After months of separation from their schools and teachers, the vast majority of K-12 students could derive some benefit from either individual or small-group instruction. But that urgent necessity must coexist alongside the reality of a coronavirus resurgence that has pushed school reopenings further into the fall. A halting or scattershot reopening — New York City, the country’s largest school district, has pushed back the beginning of in-person classes to Sept. 21 — would make it almost impossible to convene regular, in-person sessions led by adults with more than cursory training in education.

Cost also presents a clear obstacle. The massive shock of the COVID recession, which has caused the economy to shrink faster than it has in decades, will impose financial shortfalls on every school district in the country. Even expecting those districts to retain their current staff and programs would be Pollyannaish in the absence of a huge infusion of federal assistance; asking them to hire thousands of new employees would be even less realistic.

One solution that has recently gained attention is the idea of a national tutoring corps, likely funded by the federal government and drawn from the ranks of college students or the unemployed. Kraft touted the idea long before millions of potential tutors found themselves out of work, arguing that policymakers could work within “the real financial limitations that districts are facing” while still providing vital help to struggling students. Even in the absence of highly experienced or credentialed instructors, he said, strong leadership and program design could generate worthwhile results.

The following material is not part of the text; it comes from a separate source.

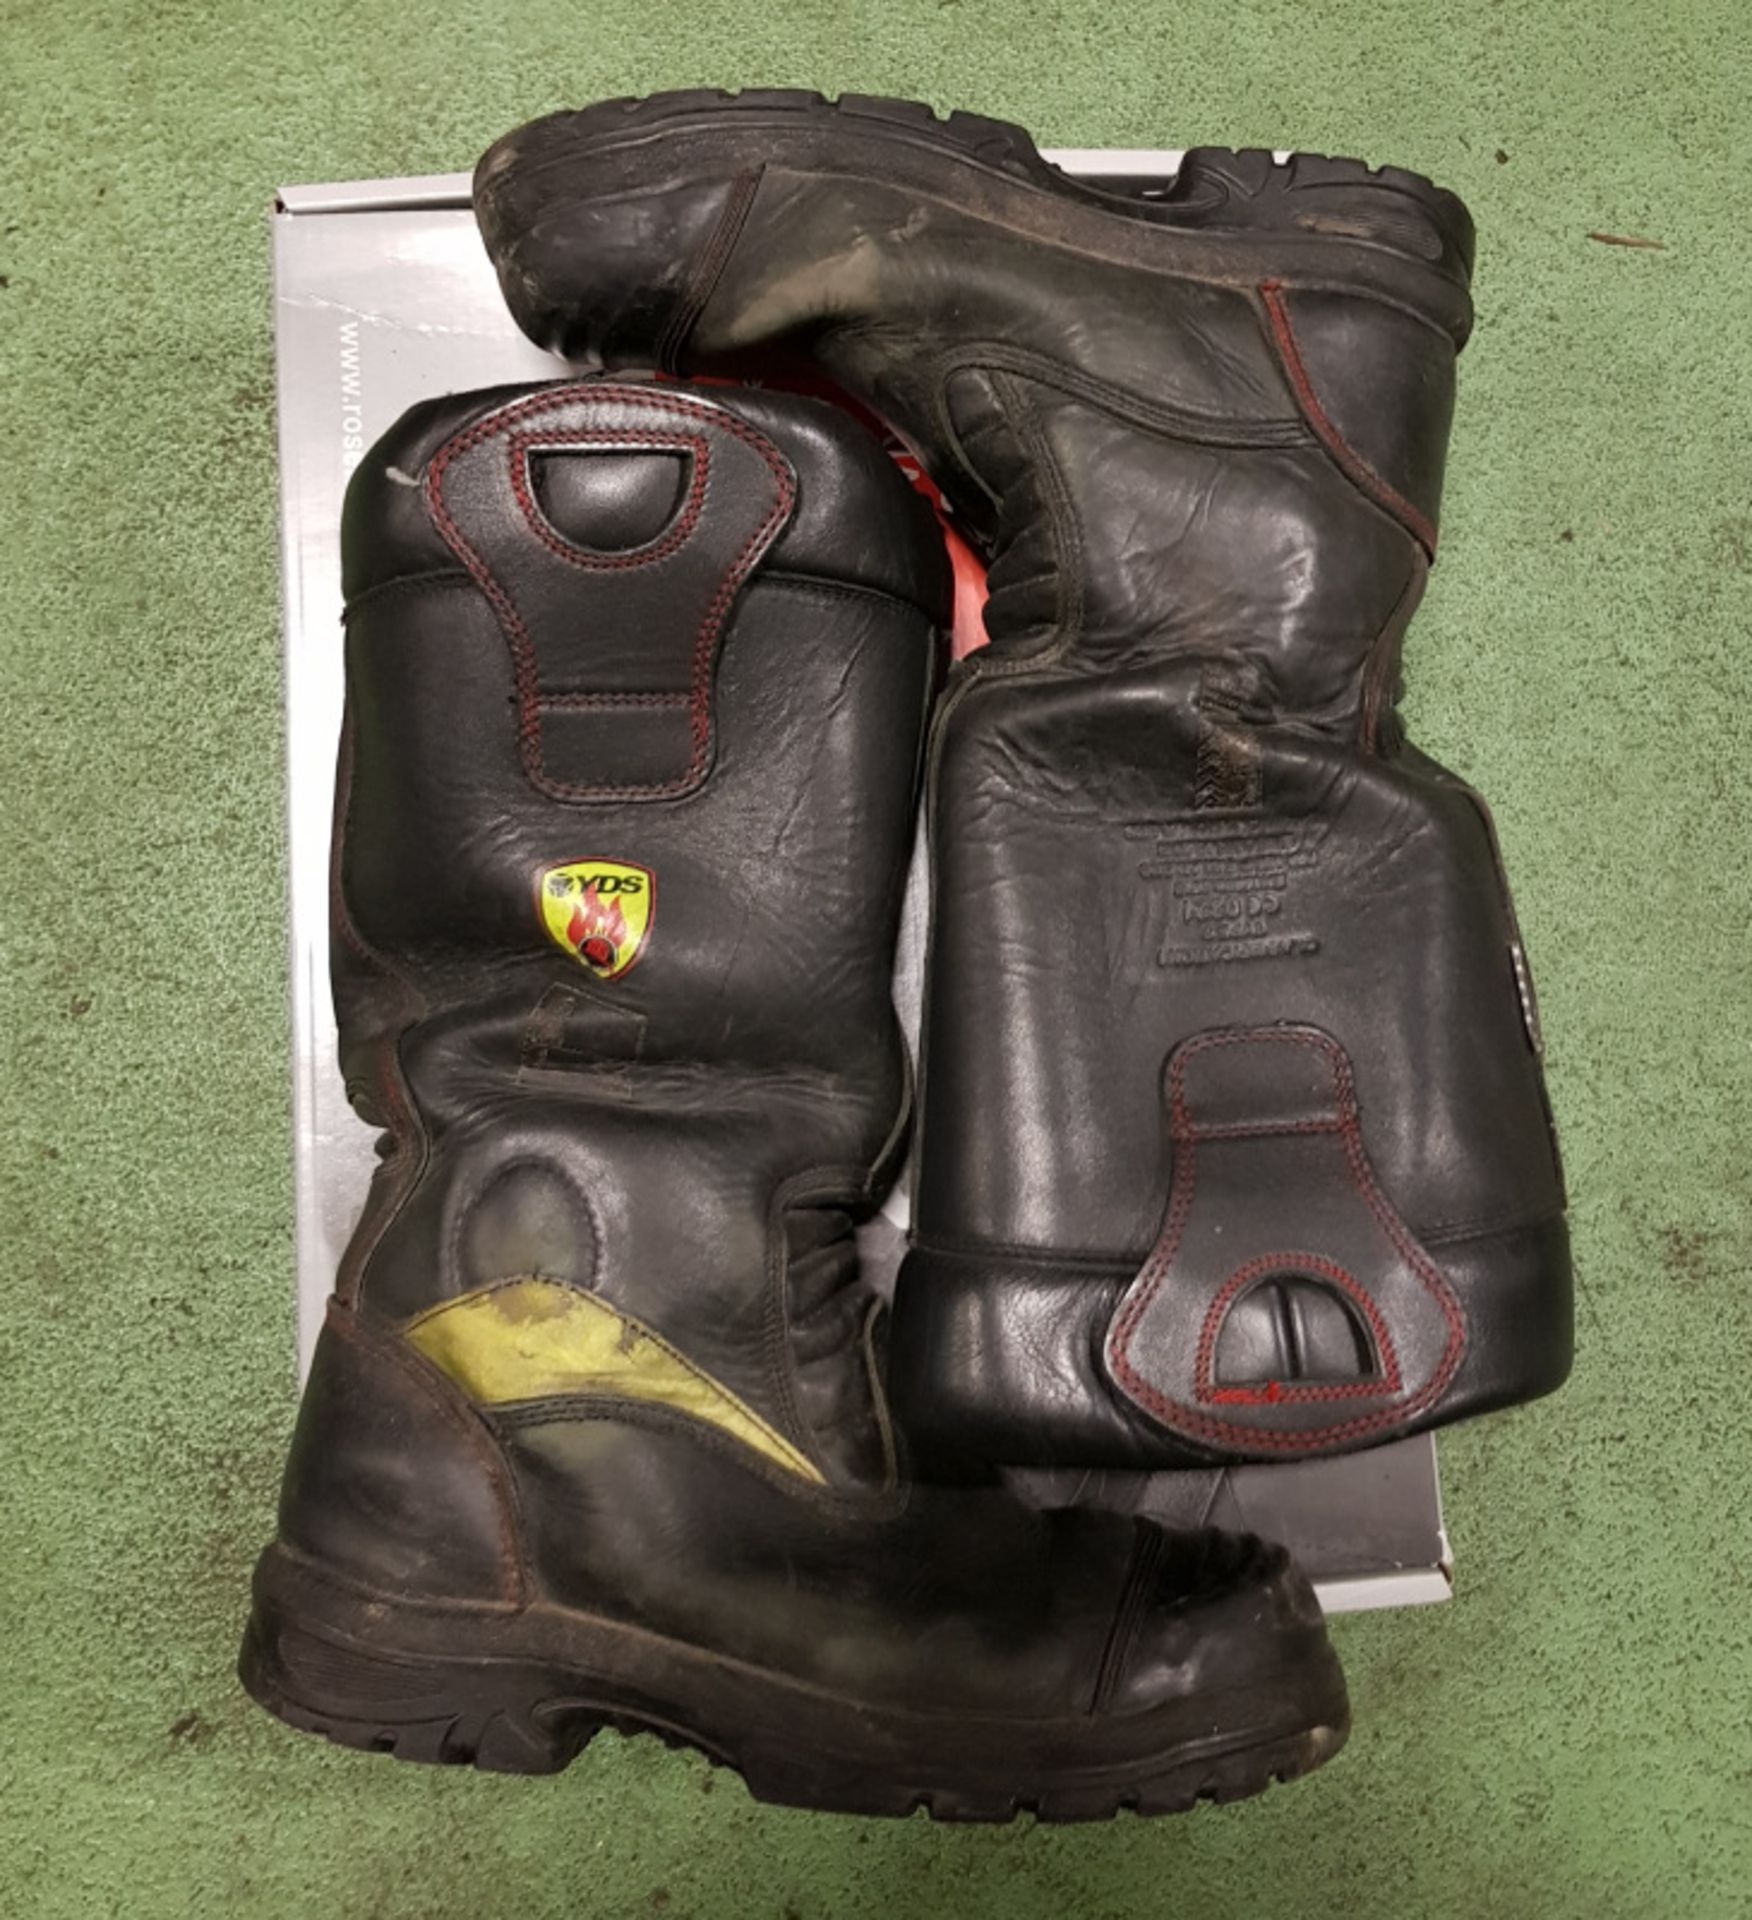 Rosembauer Fire Retardant Boots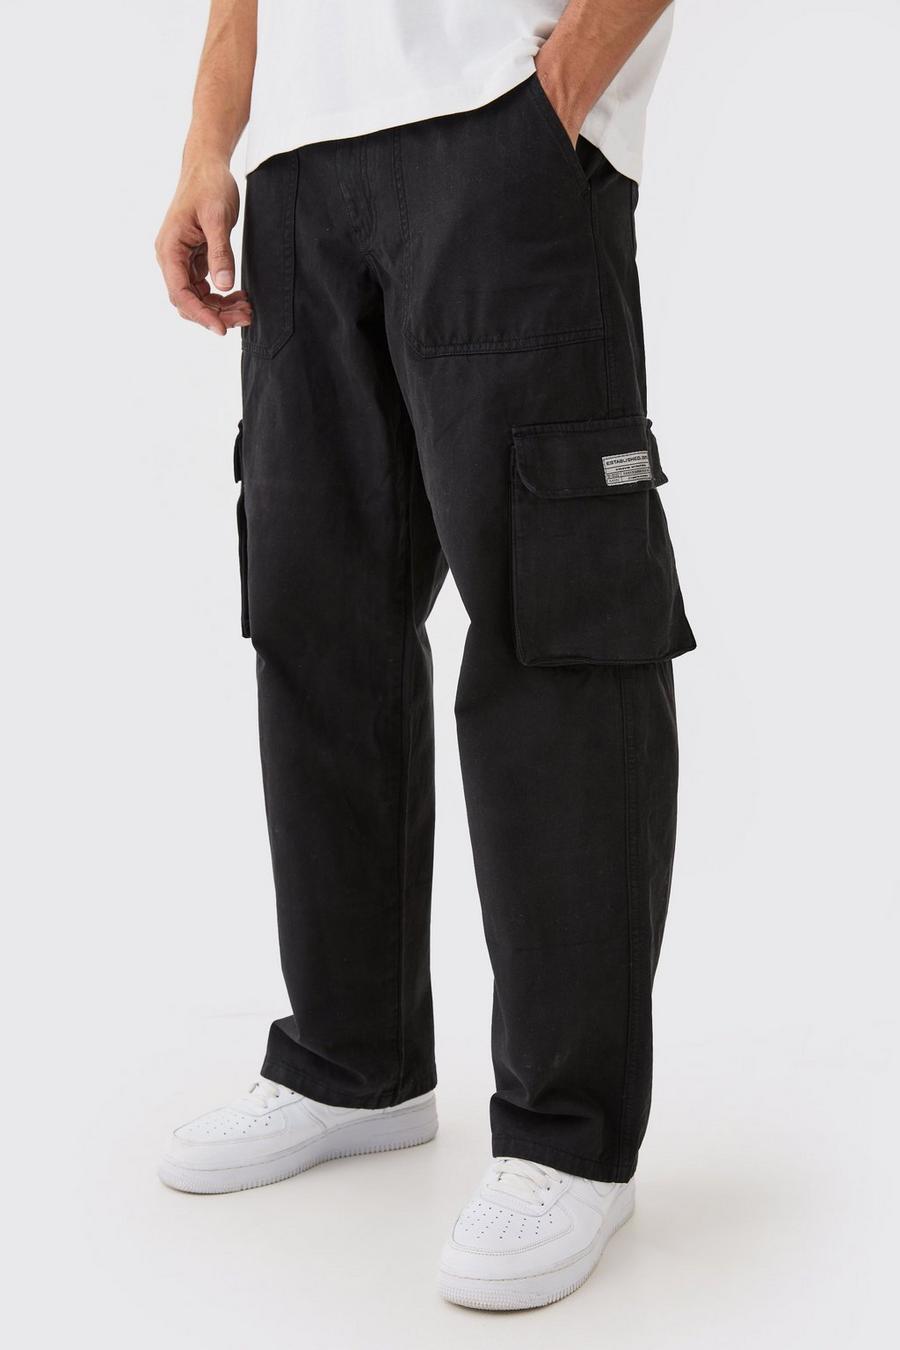 Pantalón cargo con cintura fija, cremallera y etiqueta de tela, Black image number 1

“I think we over-focus on who’s the tutor and under-focus on what are the program structures in which tutors are working,” Kraft said. “We can reduce costs — perhaps not for the biggest return possible, but for a very meaningful return — by having more affordable tutoring models with volunteers and college students working for more affordable wages. And then we maintain efficacy by thinking about structure.”

Another possible answer to the twin dilemmas of health risk and funding would be to pair a tutoring program with proven virtual learning platforms like Khan Academy. In that arrangement, Oreopoulos explained, the tutor’s work would focus more on troubleshooting students’ questions and monitoring the progress of their online lessons, allowing them to interact with more students less frequently.

Although the research gives encouraging news, the challenges of coordination and scale are significant. Compared with districts’ capacities to act, Oreopoulos said, the need for greater services is “heartbreaking.”

“The logistics of setting this up on the kind of scale we need to to address the problem is more complicated than we initially realized. To try to set this up and deal with the operational challenges of making it easy for the students to actually receive the help, to ensure safety, to find the right match — the progress can be slower than we’d like.”